By Henry Newman

My previous blog entry talked about the need for new types of people who can understand both algorithms and data layout to optimize the generation of actionable information for business and industry. The question I have is: Are schools teaching the current and next generation the right kinds of information so they can develop these skills for the job market?

The data analysis skills with MapReduce, graph analysis, statistics and the like are difficult enough. Add in the data layout for the information to be processed, which requires an understanding of the application reading or writing the data, the operating system, kernel, drivers RAID controllers and the file system, and you have a pretty complex eco-system, one in which there are not many people who fully understand the relationships or how to evaluate the relationships. Something is going to have to give to make it easier.

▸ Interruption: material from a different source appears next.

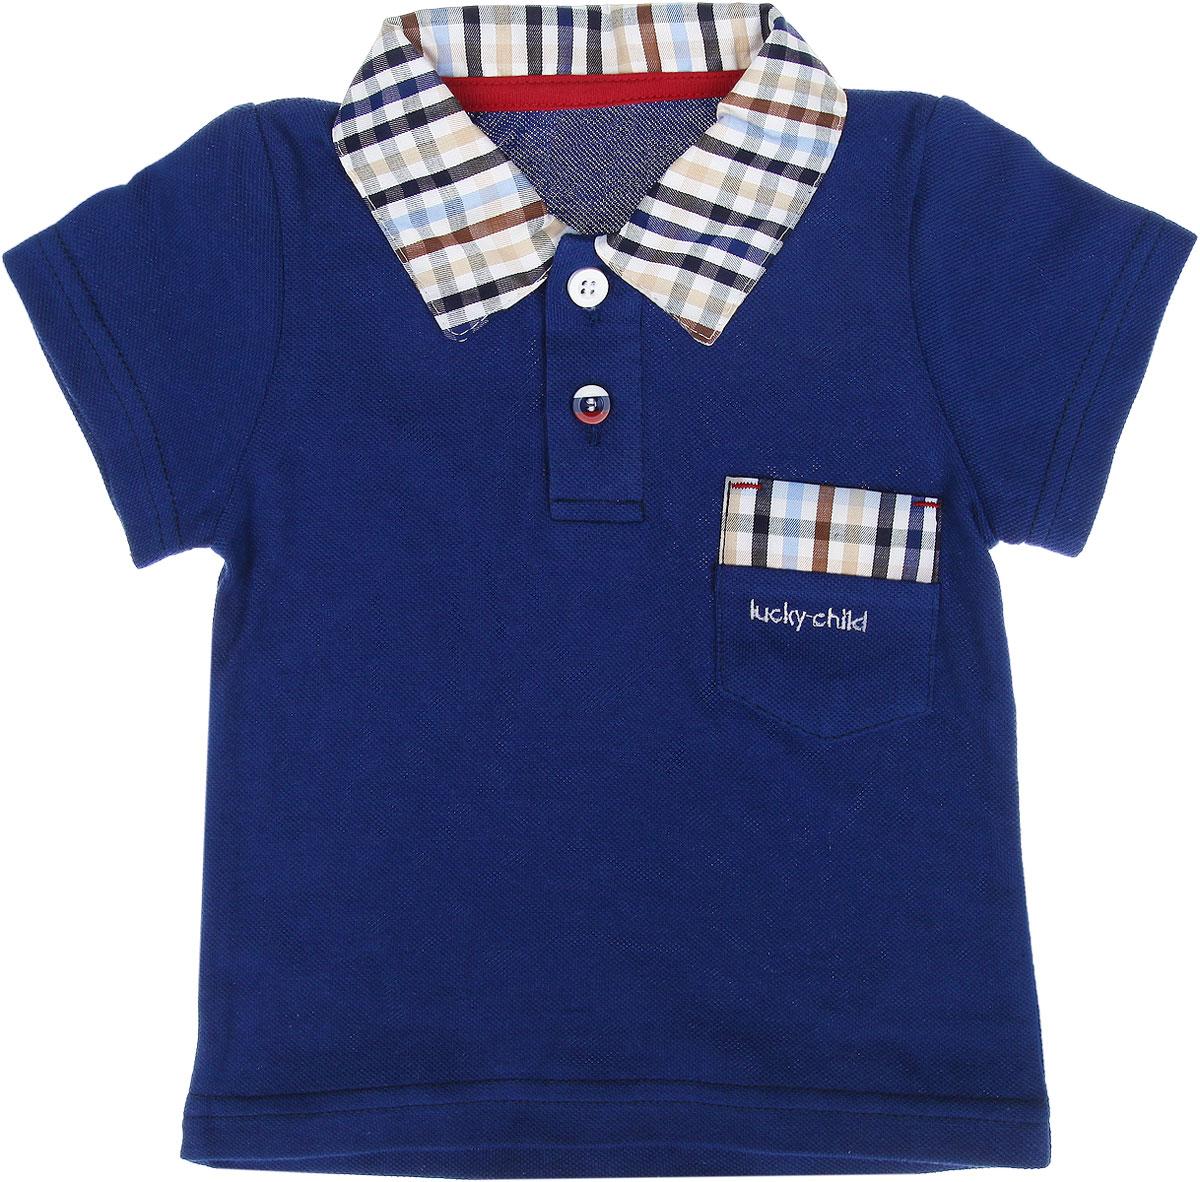 Футболка-поло для мальчика. 40-5040-50Модная футболка-поло для мальчика Lucky Child идеально подойдет для вашего маленького мужчины. Изготовленная из натурального хлопка, она необычайно мягкая и приятная на ощупь, не сковывает движения и позволяет коже дышать, не раздражает даже самую нежную и чувствительную кожу, обеспечивая наибольший комфорт. Футболка с короткими рукавами и отложным воротником-поло спереди застегивается на две пуговицы. На груди предусмотрен накладной кармашек. Воротник и верхняя часть кармана оформлены принтом в клетку. Современный дизайн и расцветка делают эту футболку модным и стильным предметом детского гардероба. В ней ваш ребенок будет чувствовать себя уютно и комфортно, и всегда будет в центре внимания!
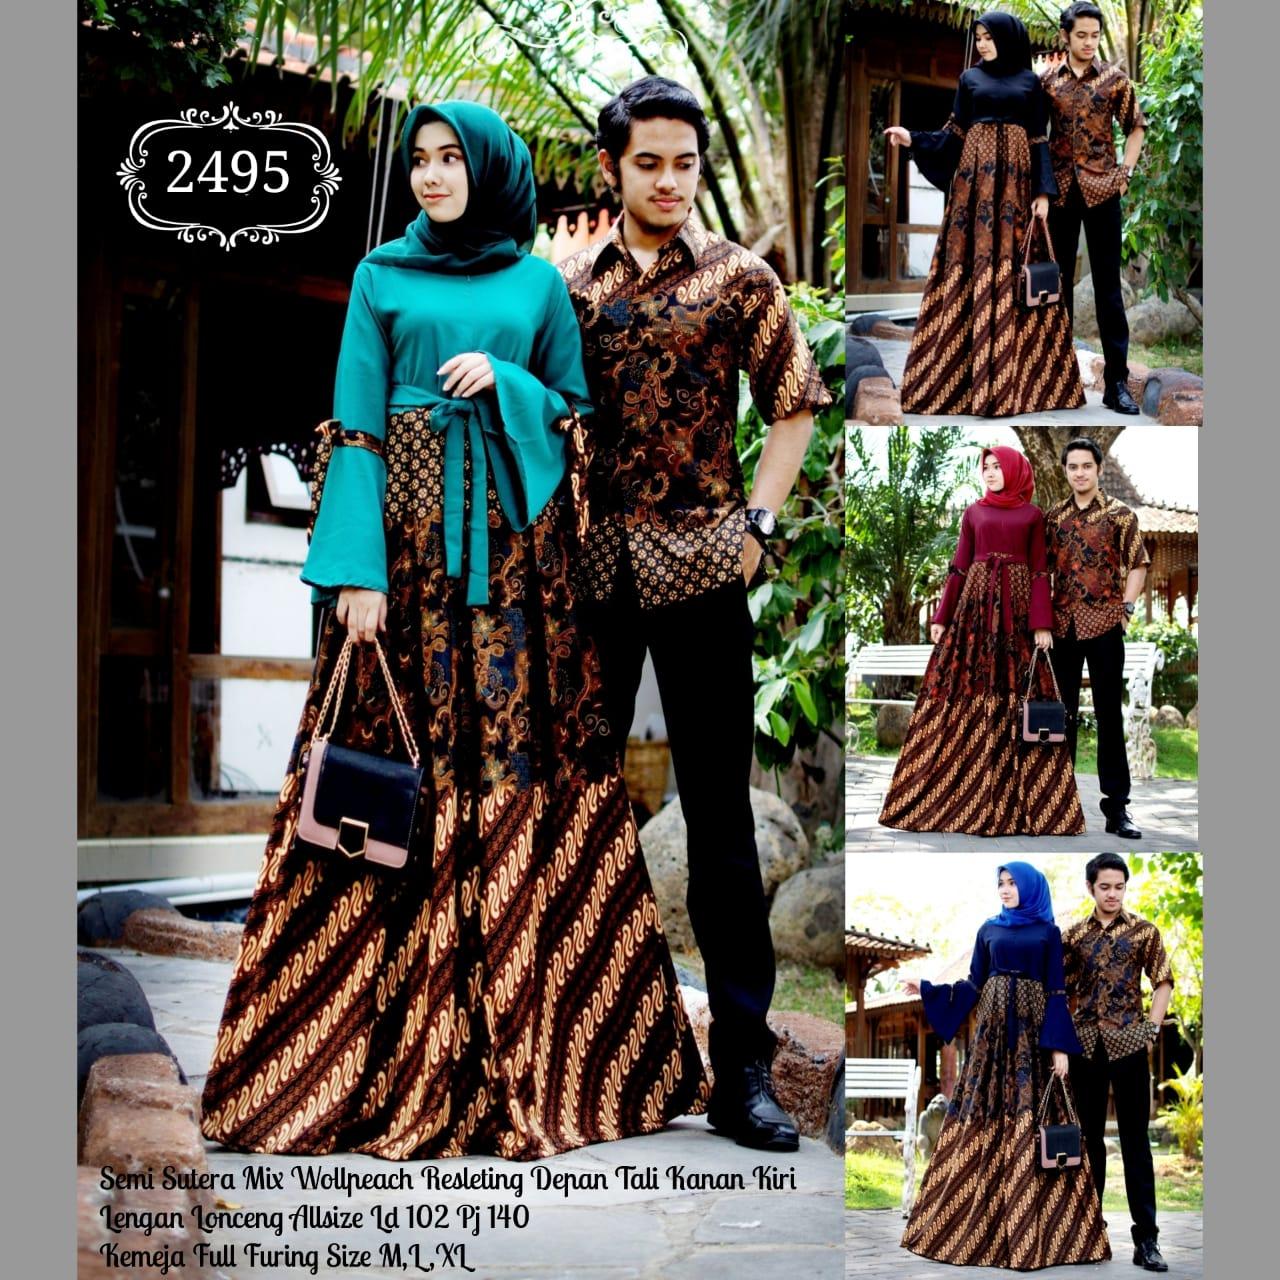 Baju Batik Couple Model Gamis Semi Sutera Mix Wollpeach Lengan

The move to file system appliances across a broad spectrum of the market from my home PC with an external ISCSI 4 disk RAID, to large parallel file systems moving into the appliance market gives me hope that people are working on solving this problem. These file system scaling and data layout problems are not going to be solved overnight. Most file systems are still stuck looking at files and have little understanding of what the layout must have for those files to be processed into information. I think it will take a very special person to be able to understand all that is needed in the current environment.

In the meantime, the best thing organizations can do is develop teams with the right domain expertise. Having a new data analysis graduate working with someone who knows datapath is likely the best anyone can do. Of course, there will be a handle of people that understand both. I hope I can hire one.

This article was originally published on April 27, 2012